De la mano, se ha ido corriendo el cerco de la violencia. La sociedad perdió la repulsión frente a ella y parte de la oposición coquetea con el saqueo, los incendios del Metro y los desmanes masivos cuando pueden servir a sus propósitos de poder. Estos días hemos visto a varios parlamentarios extorsionar con la violencia si no se legisla como ellos desean, y callar, como lo hicieron después del estallido social, frente a la delincuencia previa que quiso obligar a los diputados a votar a favor del retiro de ahorros para la vejez de las AFP el miércoles pasado.
No hay democracia sin respeto a las minorías, pero aquí son las minorías, especialmente los comunistas y el Frente Amplio, las que arrastran a la oposición a hacer de la intolerancia el método de relación política.
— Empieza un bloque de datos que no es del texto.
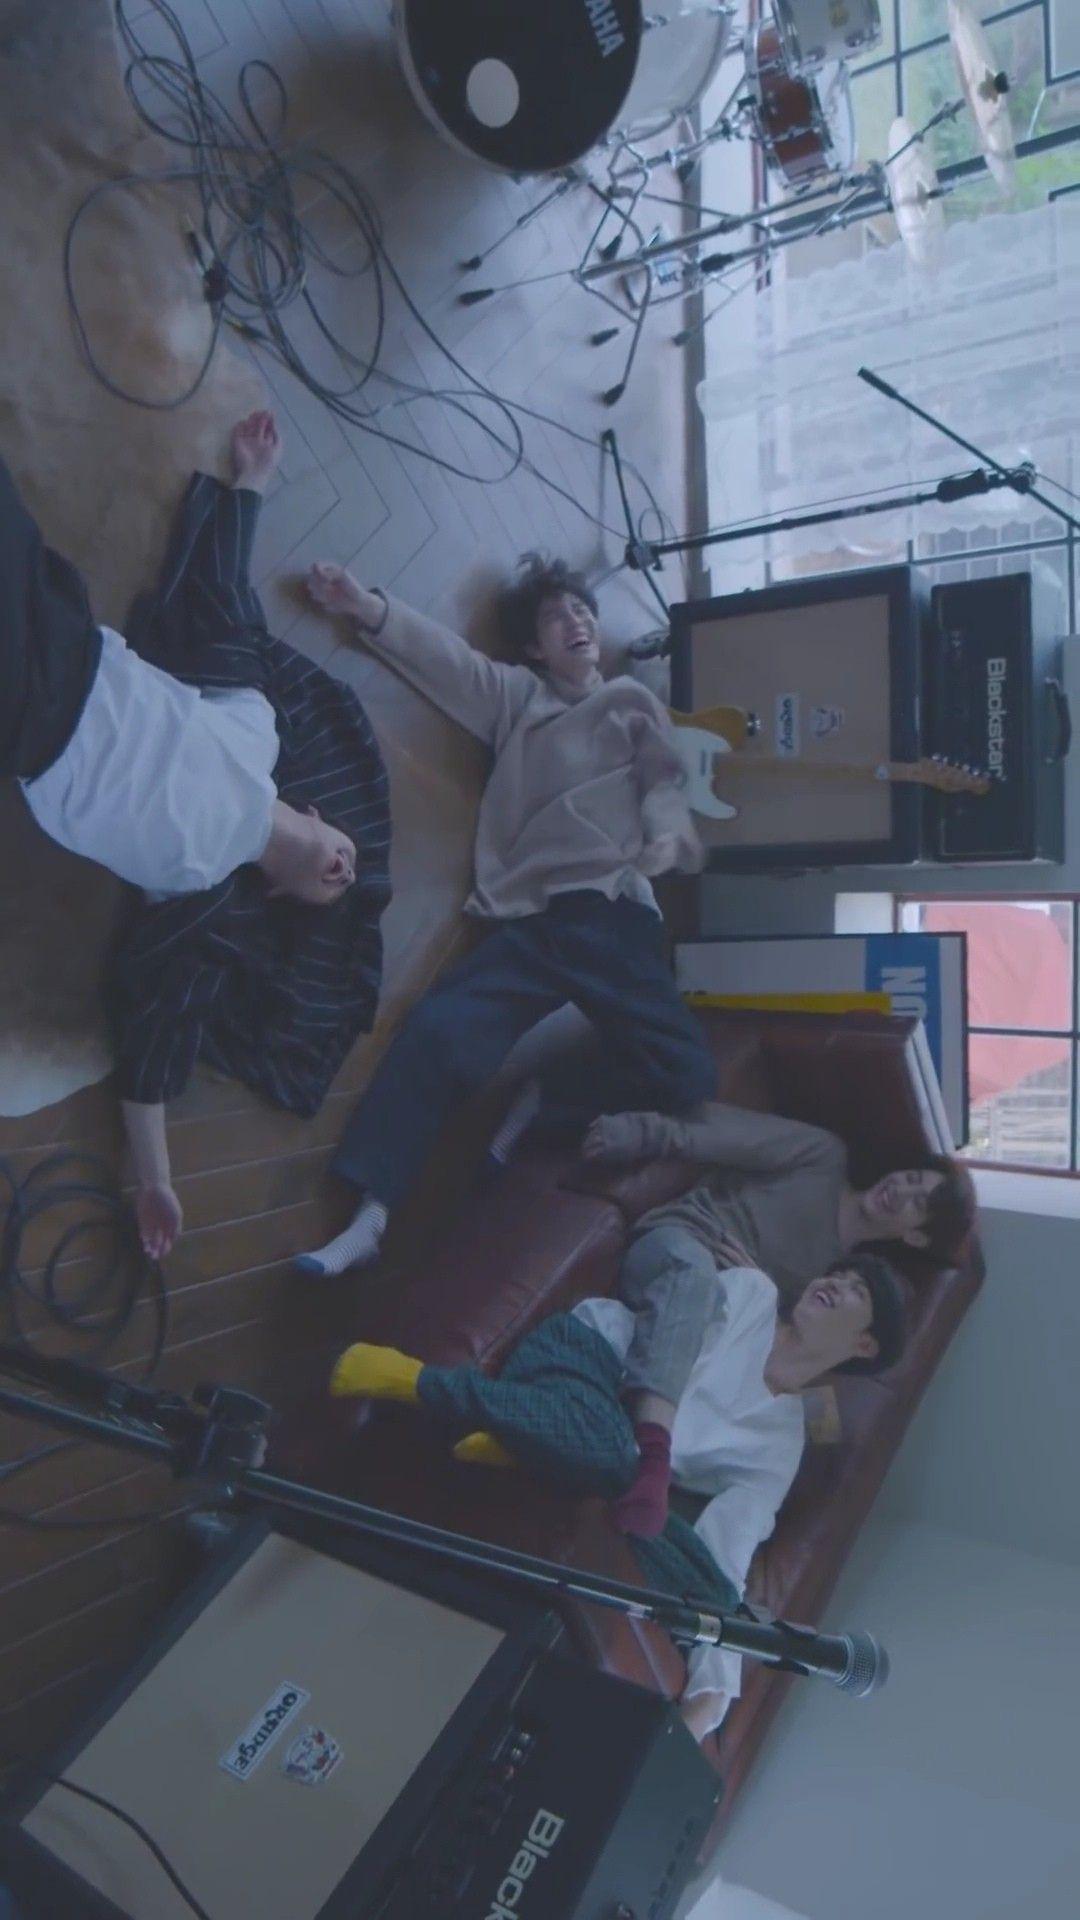 The Rose Kpop Wallpaper #Therose #wallpaper #kpop Dojoon Hajoon Woosung JaeHyeong
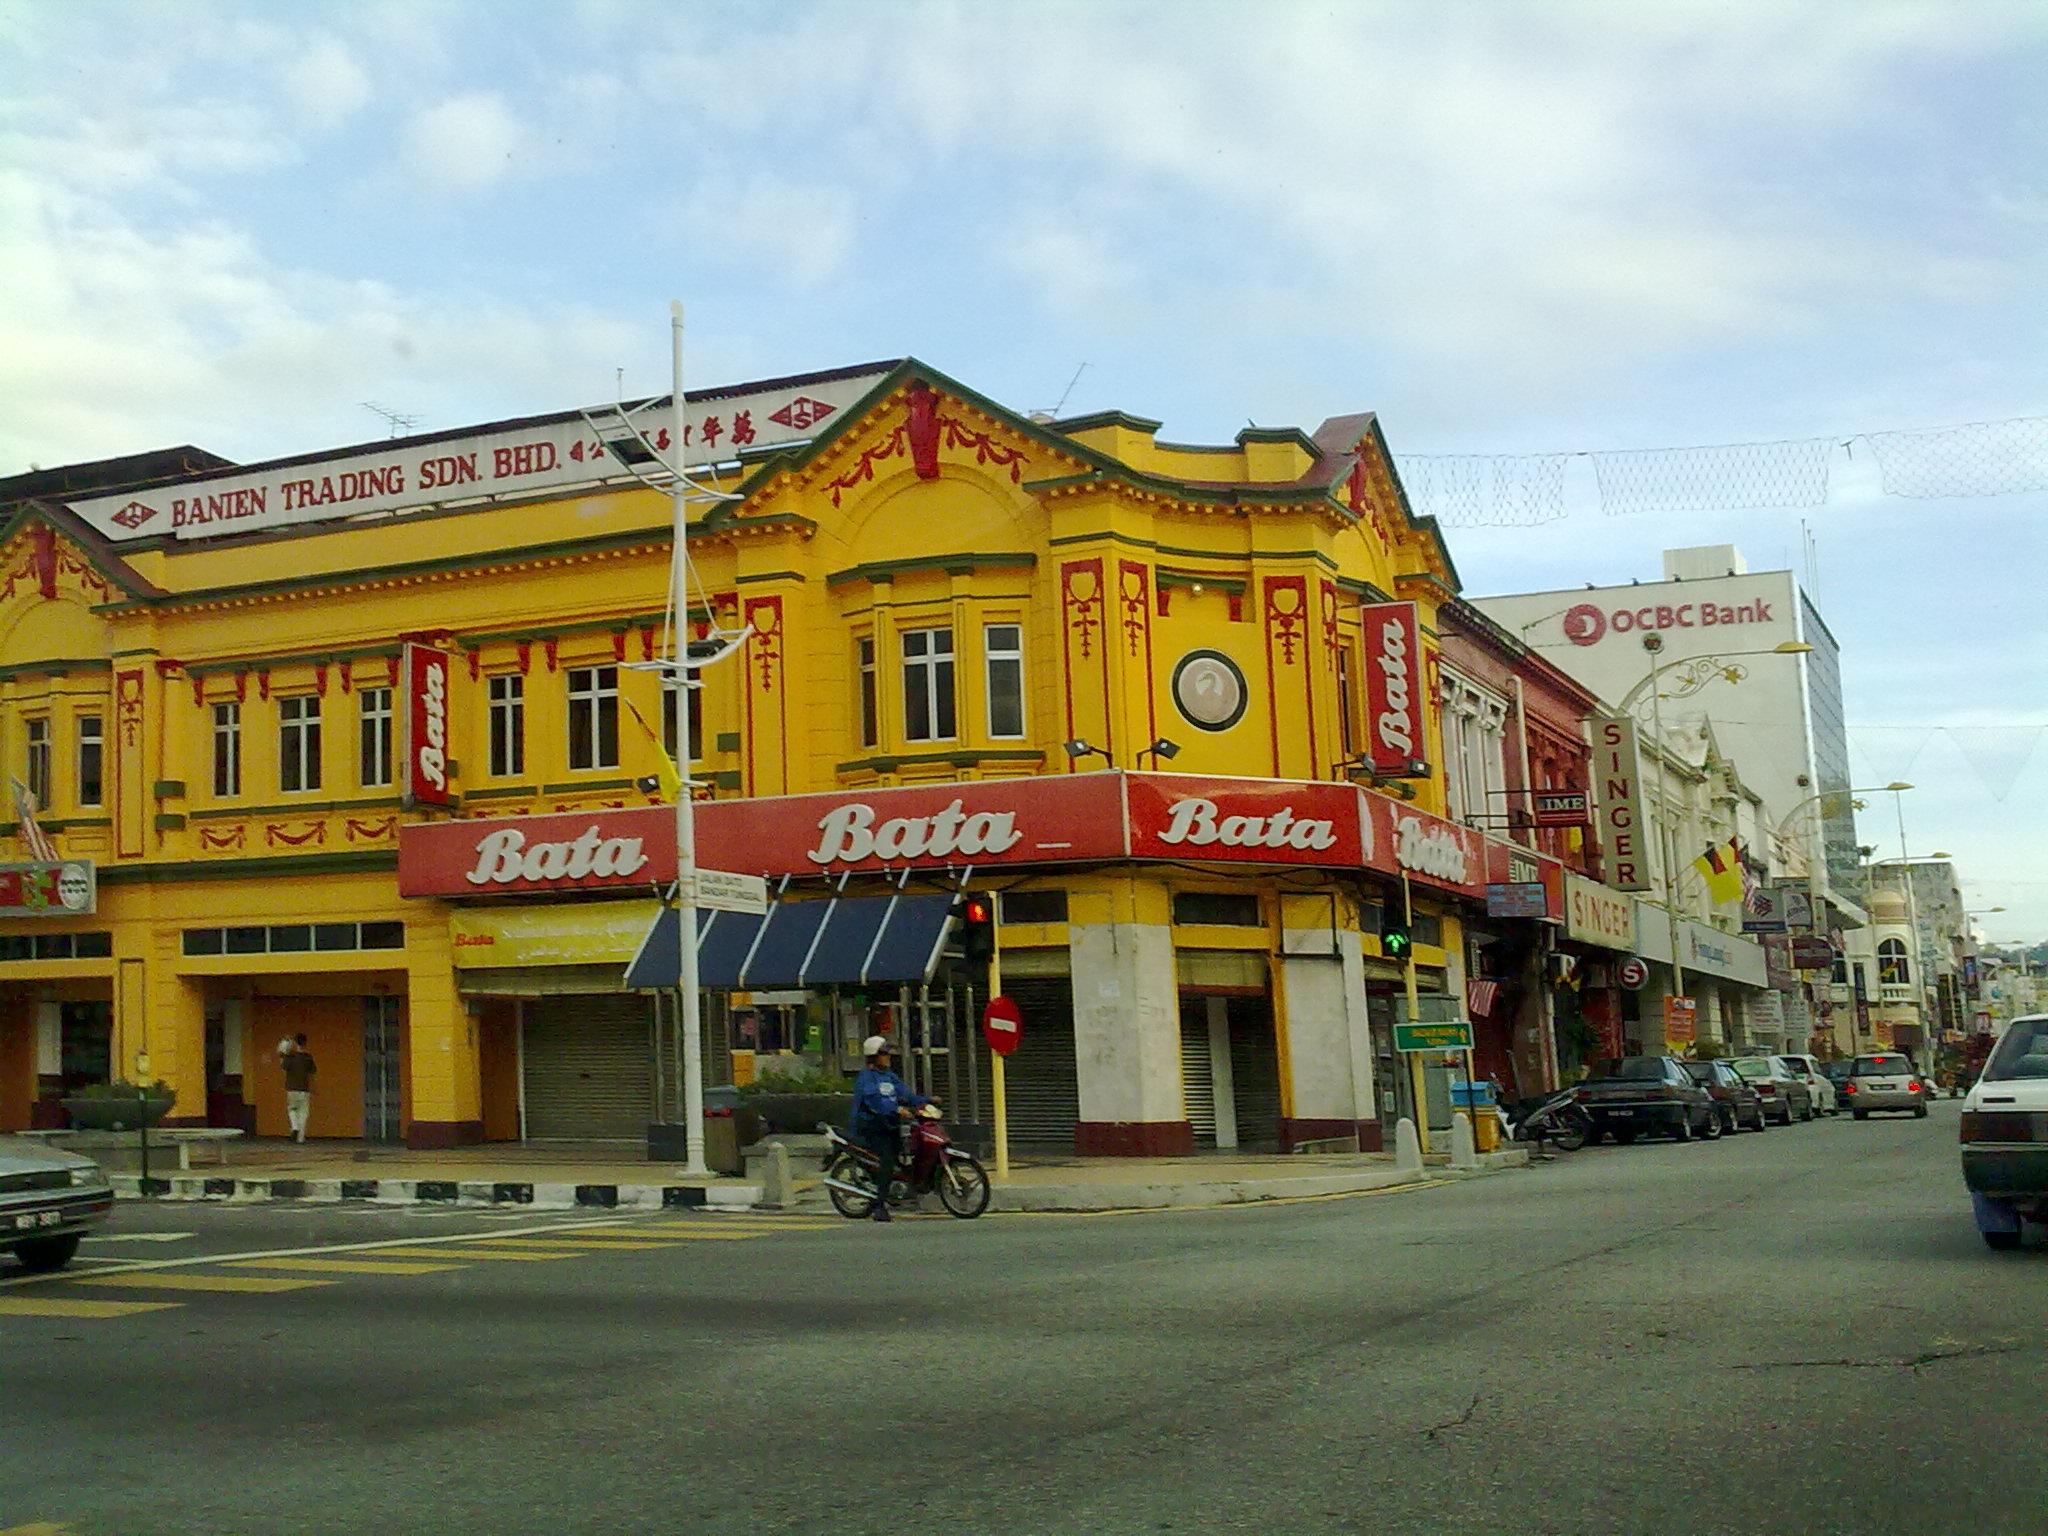 View of Seremban. Photo taken on August 29, 2009.

Descalificaciones, garabatos, acusaciones constitucionales para el Presidente y sus ministros en el hemiciclo, querellas contra las autoridades en los tribunales. En una mirada al pasado, sugieren la guillotina o que niños le disparen a la máxima autoridad del país.
Ningún país ha alcanzado el desarrollo abriendo los cercos para la violencia. Es lo que evidenció la protesta en Estados Unidos a propósito del hombre negro que fue asfixiado por un policía en abril. El estallido duró un par de días porque la oposición al presidente Trump y hasta la familia de la víctima coincidieron en condenar la violencia y pedir no usarla como arma de cambio político. Instaron, por el contrario, a usar los métodos de la democracia, el voto en las próximas elecciones. En Chile, en cambio, normalizamos la agresión con las bombas molotov durante las protestas estudiantiles y luego en los liceos emblemáticos. Cuando llegó el estallido social, ya estábamos iniciados en estas prácticas.
Otro cerco que corrió con éxito Bachelet es que basta la buena intención, como el afán igualitarista, para aceptar políticas públicas que no focalizan los recursos en los más vulnerables, que son regresivas y que dañan la iniciativa privada. La gratuidad en la educación superior y la destrucción del mérito con los colegios emblemáticos, así como el intento de destruir la educación particular subvencionada, fueron ejemplos de ello. El impulso ha continuado con la aprobación de leyes como el postnatal de emergencia y ahora, decía el presidente de Partido Socialista, han vuelto a correr el cerco para aprobar el retiro de los fondos de las AFP.
Es evidente que el gobierno también ha ayudado, porque muchas veces ha reaccionado sumándose a las propuestas que arrasan los límites, como ocurrió con la iniciativa comunista de bajar a 40 horas la jornada laboral. Y enfrenta tímidamente estos proyectos que transgreden la Constitución con resquicios, sin atreverse a llevarlos al Tribunal Constitucional que, aunque desprestigiado, es parte del ordenamiento jurídico. ¿Vetarlos? Ni hablar.
Juntar la democracia con el desarrollo es una hazaña, por eso solo un puñado de naciones tiene el privilegio de disfrutar de ambas cosas. Desconociendo los límites institucionales, de manejo económico y de control de la violencia, Chile comienza a transitar por el pasillo que conduce a perder una o ambas dos: la democracia y la posibilidad de llegar a ser un país desarrollado.